The recent paper “Tri-Perspective View for Vision-Based 3D Semantic Occupancy Prediction” proposes a novel way to overcome this challenge. The authors introduce a new 3D representation called the Tri-Perspective View (TPV) and an efficient transformer-based model, TPVFormer, to construct it. The results are striking: using only camera images, TPVFormer can generate dense and accurate 3D semantic maps—sometimes more comprehensive than the sparse LiDAR data used in training.
Figure 1: Vision-based occupancy prediction pipeline.
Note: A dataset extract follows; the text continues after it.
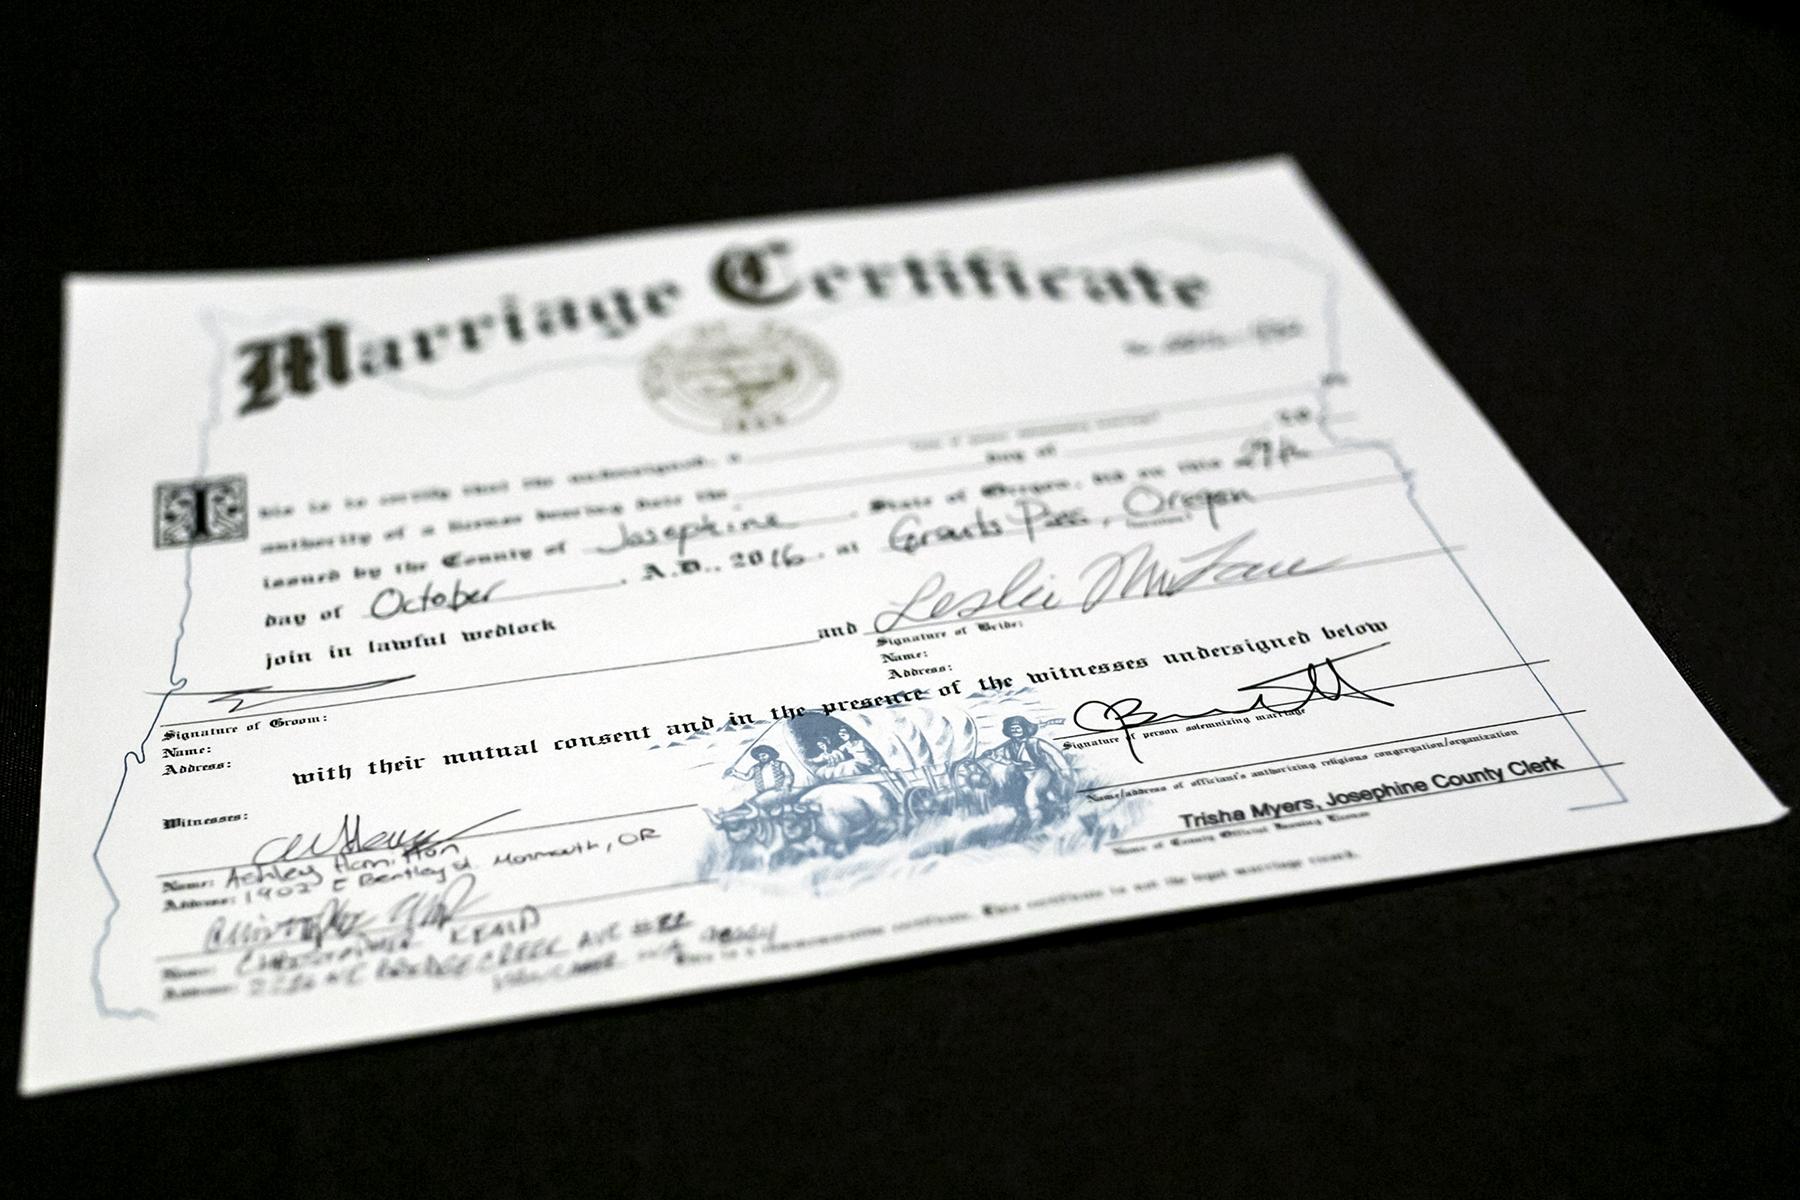 Leslie-Certificate-1200

TPVFormer takes RGB inputs and predicts semantic occupancy for all voxels using sparse LiDAR supervision.
In this post, we’ll explore the motivation behind TPV, break down its design, unpack the TPVFormer architecture, and examine the experimental results suggesting vision may be powerful enough to rival LiDAR for full-scene understanding.
Representing 3D Space: The Existing Approaches
To appreciate the novelty of TPV, let’s first look at two common scene representation methods used in autonomous driving: Voxel Grids and Bird’s-Eye-View (BEV) maps.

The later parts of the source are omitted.